▸ WHAT YOU NEED TO DO:
Before you write out the listing, remove the pictures; everything else stays exactly as it is.

▸ THE DATA:
>>
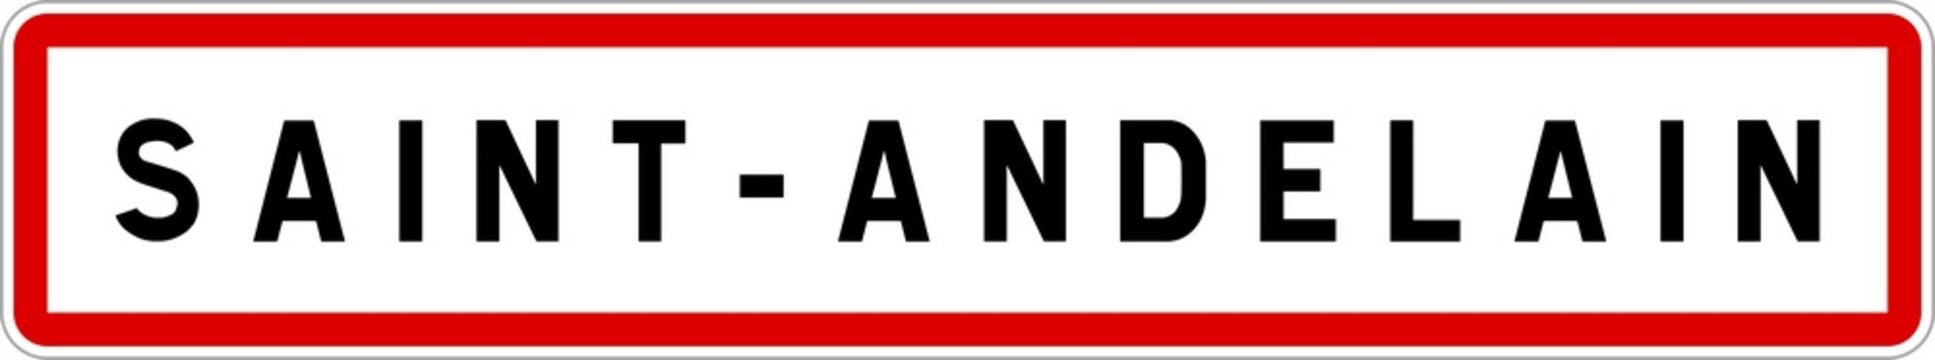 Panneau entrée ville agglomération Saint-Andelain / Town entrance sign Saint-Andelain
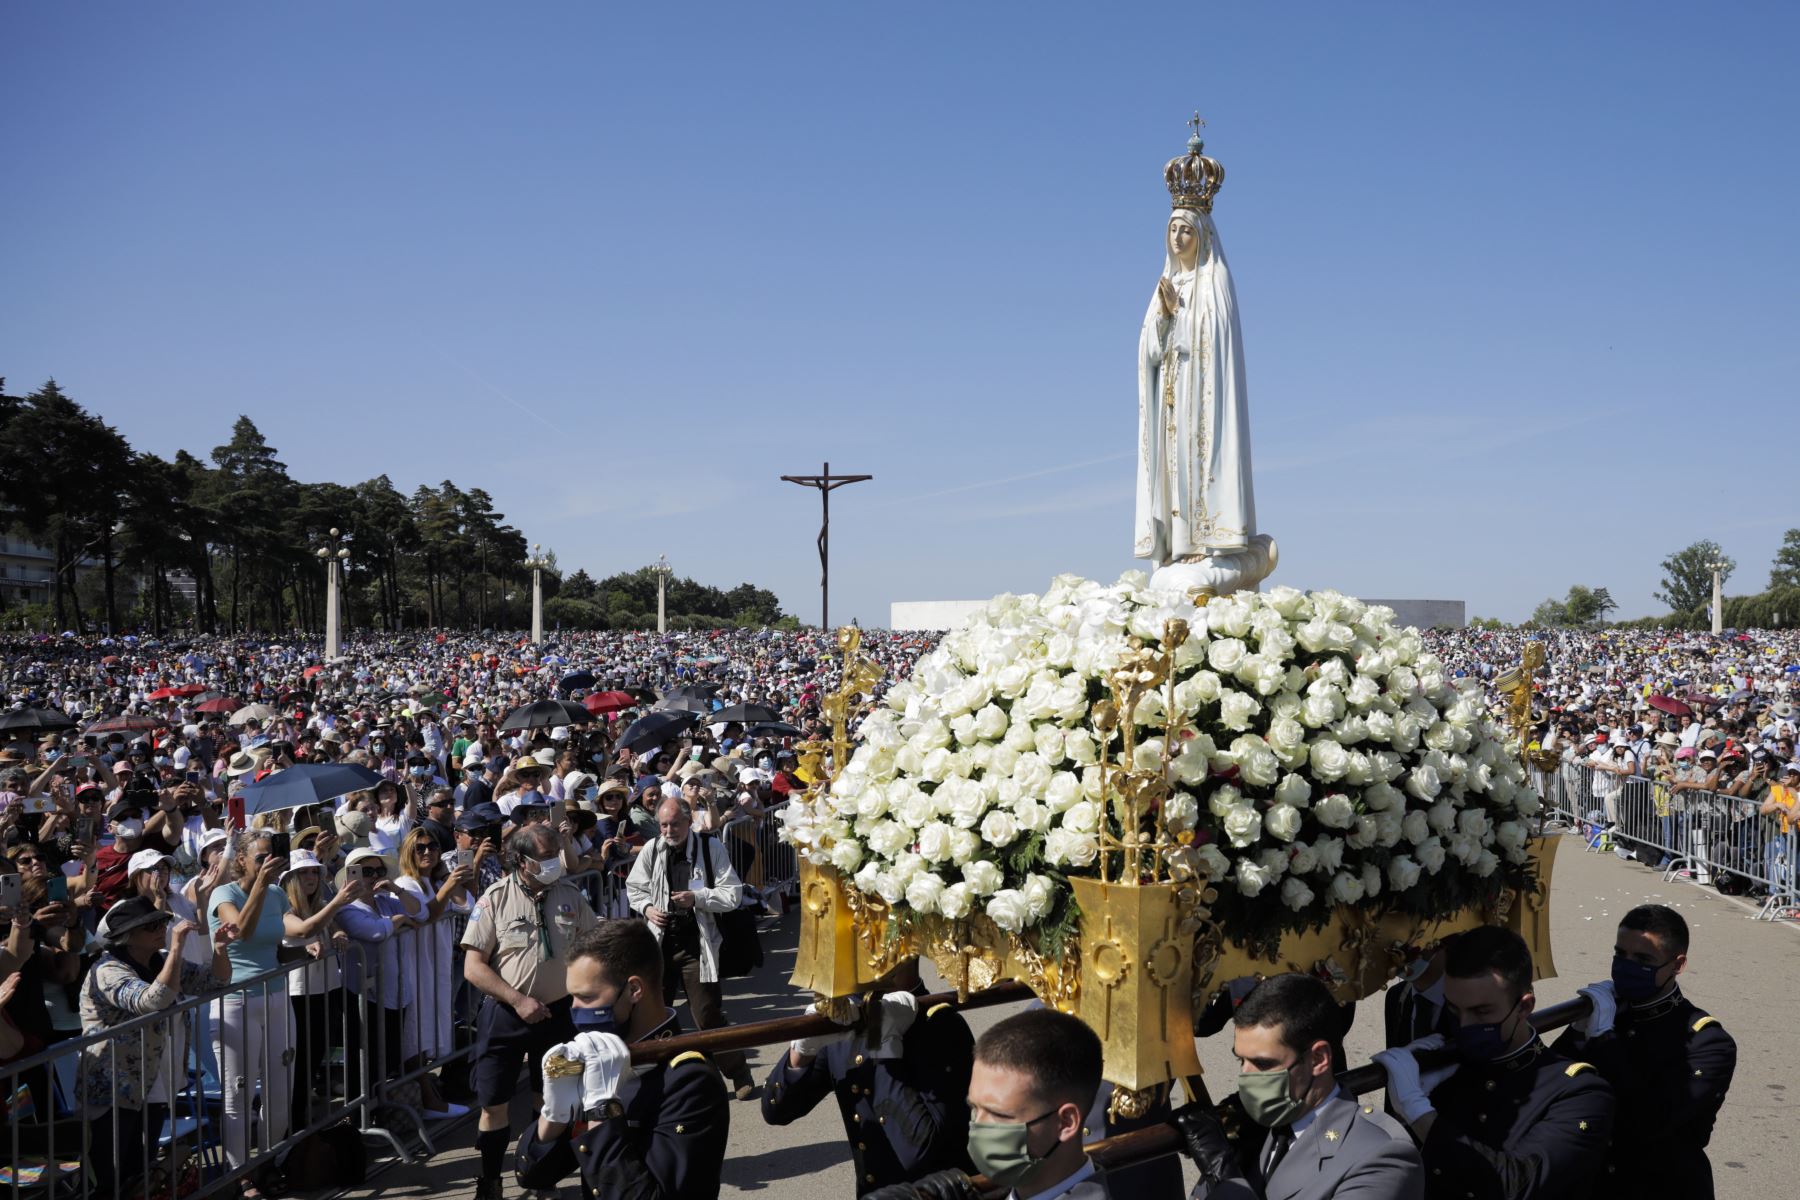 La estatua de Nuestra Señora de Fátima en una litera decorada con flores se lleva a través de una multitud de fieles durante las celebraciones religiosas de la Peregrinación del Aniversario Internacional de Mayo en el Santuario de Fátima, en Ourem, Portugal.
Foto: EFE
<<
▸ SOLUTION:
 Panneau entrée ville agglomération Saint-Andelain / Town entrance sign Saint-Andelain
 La estatua de Nuestra Señora de Fátima en una litera decorada con flores se lleva a través de una multitud de fieles durante las celebraciones religiosas de la Peregrinación del Aniversario Internacional de Mayo en el Santuario de Fátima, en Ourem, Portugal.
Foto: EFE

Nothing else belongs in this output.